Wir alle klicken sie automatisch weg, wenn Sie erscheinen—Pop-Ups! Moderne Pop-Up-Blocker schützen uns vor tausenden von ihnen und machen so unsere Nutzererfahrung in der Online-Welt angenehmer. Doch vor nicht allzu langer Zeit wurde der durchschnittliche Nutzer fast täglich zum „glücklichen Gewinner“ eines Gewinnspiels gekürt.
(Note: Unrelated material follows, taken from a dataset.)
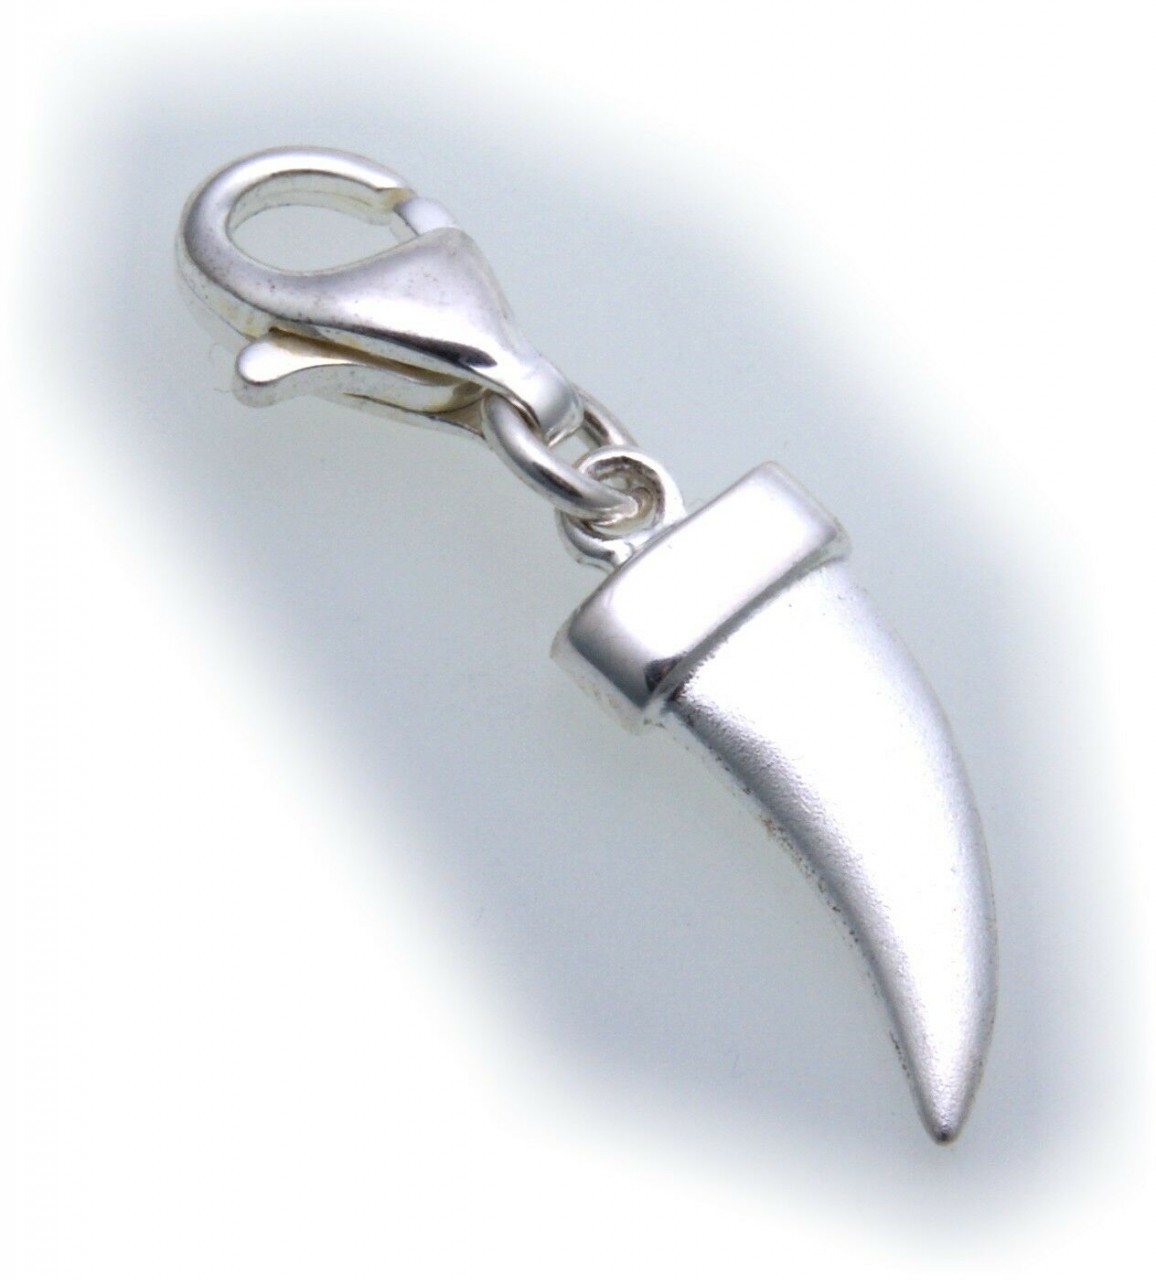 Charm Zahn echt Silber 925 matt Einhänger Charms Bettelarmband Sterlingsilber

Das war wahrscheinlich auch der Zeitpunkt, an dem Menschen begannen, eine Abneigung gegenüber solchen Dialogfenstern zu entwickeln. Wer möchte schon ständig mit ihnen konfrontiert werden, wenn man doch auf der Suche nach etwas ganz anderem ist? Auch Vermarktern sind Pop-Ups oftmals ein Dorn im Auge—wie soll man authentischen Content in der Form von Pop-Ups an den Kunden bringen, wenn diese sofort weggeklickt werden, weil ihr Ruf durch irrelevante Fake-Werbeanzeigen beschmiert ist?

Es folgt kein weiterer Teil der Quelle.